At voir dire, out of 101 members on the panel, six indicated that they had already formed an opinion that they would be unable to set aside. Following the State's voir dire, 21 potential jurors were excused. Of the remaining jurors, 36 indicated that they had heard about the case and 18 indicated that they were on the Boerne Area Informed Citizens Facebook page. One of those 18 jurors was empaneled on the jury. Appellant argues that the jury panel's knowledge of the case indicates that the pretrial publicity was pervasive and that the content of the published articles and Facebook posts show that publicity was both prejudicial and inflammatory.
The record does not support the inference that these prospective jurors were excused due to the publicity related to the case. For example, one stated that she could not consider the full range of punishment and another revealed that her daughter had been killed by a drunk driver.

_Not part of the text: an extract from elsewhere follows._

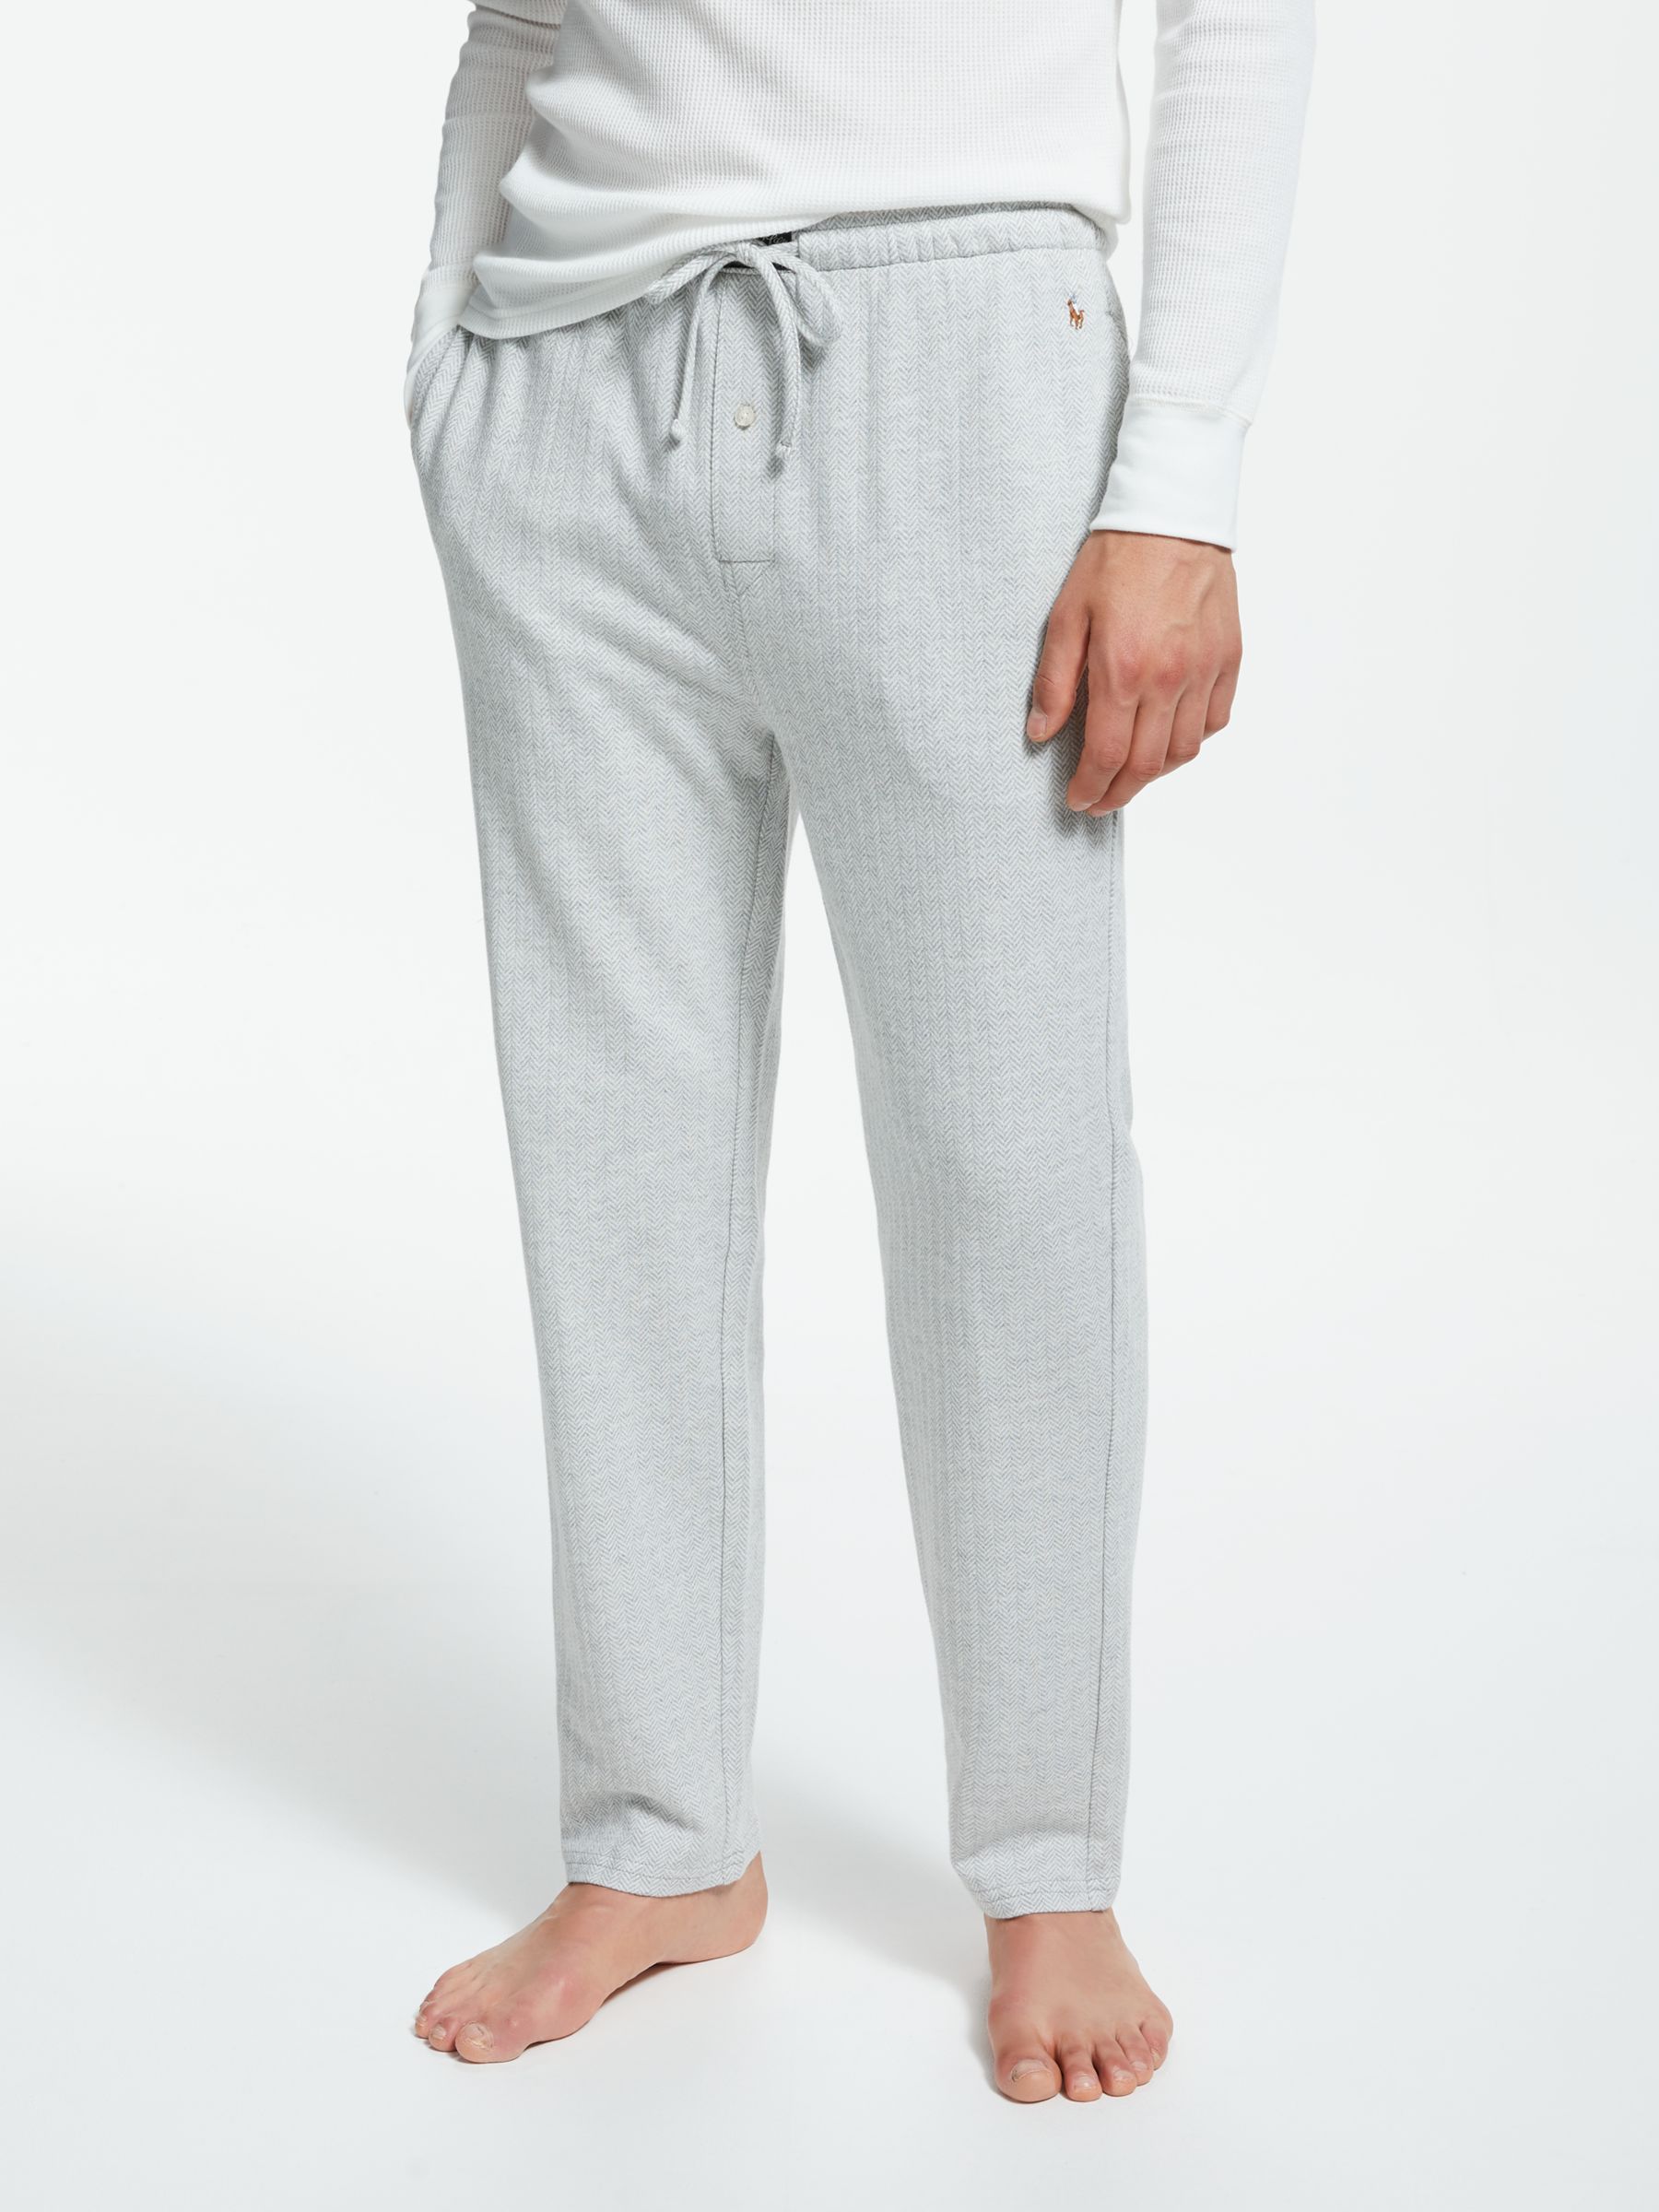 ralph lauren grey pants
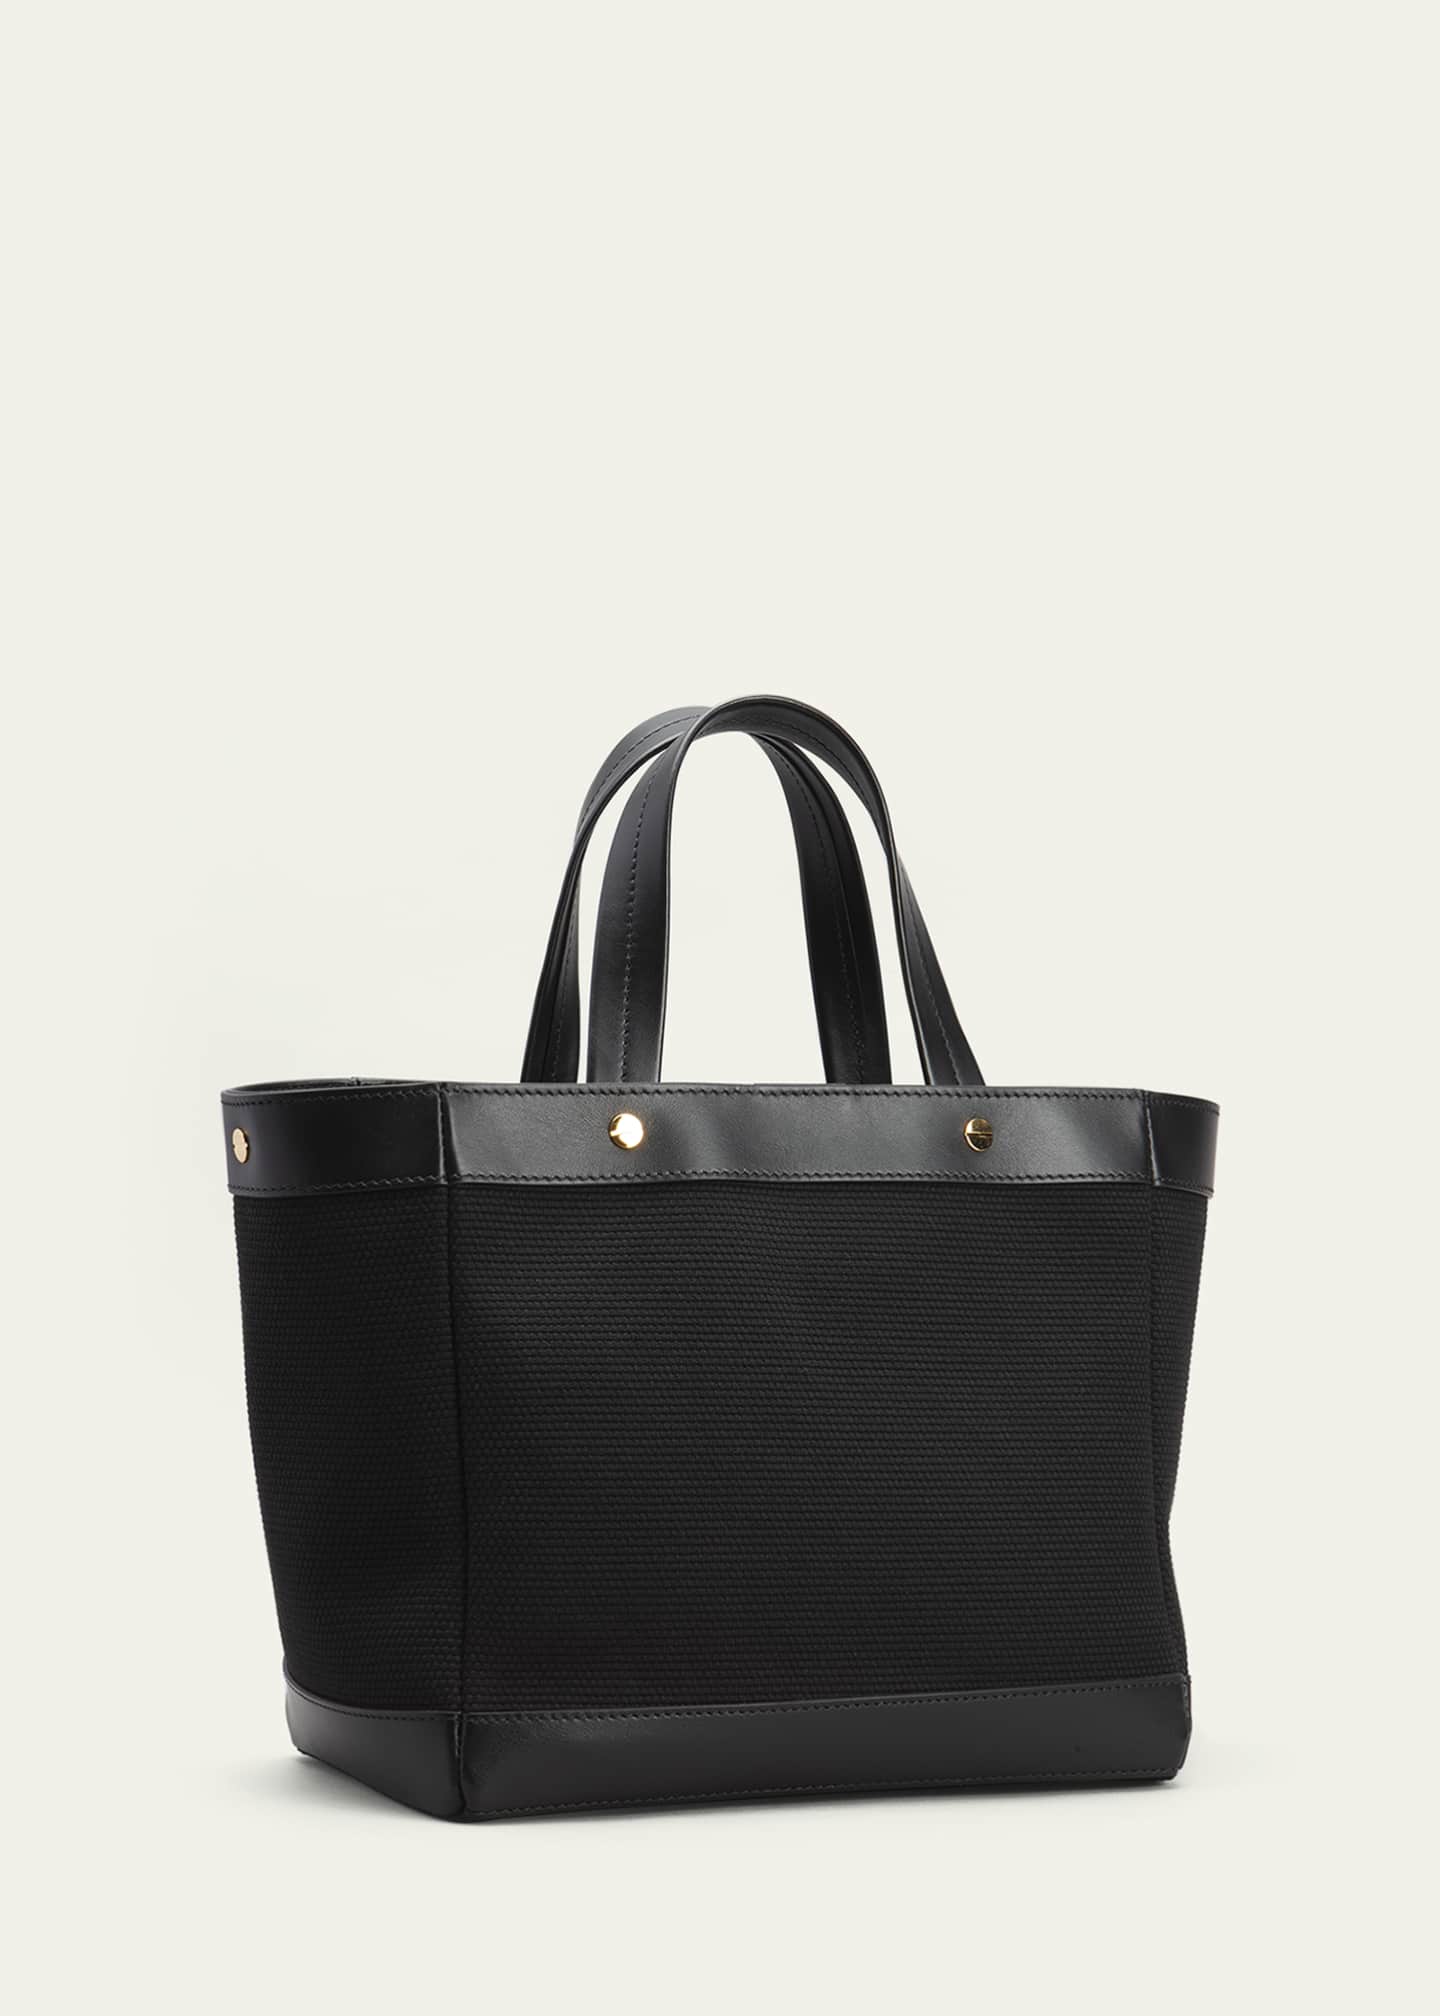 Dark Brown Shoulder Bag by Tom Ford for rent online

Based on the evidence presented at the hearing on the motion to transfer venue and the voir dire process, we conclude that the trial court did not abuse its discretion in denying Appellant's motion to transfer venue. Although many members of the panel had heard of the case, only six indicated that they had formed an opinion that they would be unable to set aside, and none of those six served on the jury. The panel's knowledge of the case does not signify that Appellant could not get a fair trial. See Skilling, 561 U.S. at 381 (juror impartiality does not require ignorance). Further, while the coverage by local media included information that Appellant found objectionable, we cannot conclude that it was inflammatory or prejudicial. See Gonzalez, 222 S.W.3d at 451 ("News stories, be it from print, radio, or television, that are accurate and objective in their coverage, are generally considered by this Court not to be prejudicial or inflammatory."). Appellant did not meet her burden to demonstrate "an actual, identifiable prejudice attributable to pretrial publicity" entitling her to a change of venue. Renteria, 206 S.W.3d at 709.
Conclusion
Having overruled Appellant's sole issue on appeal, we affirm the judgment of the trial court.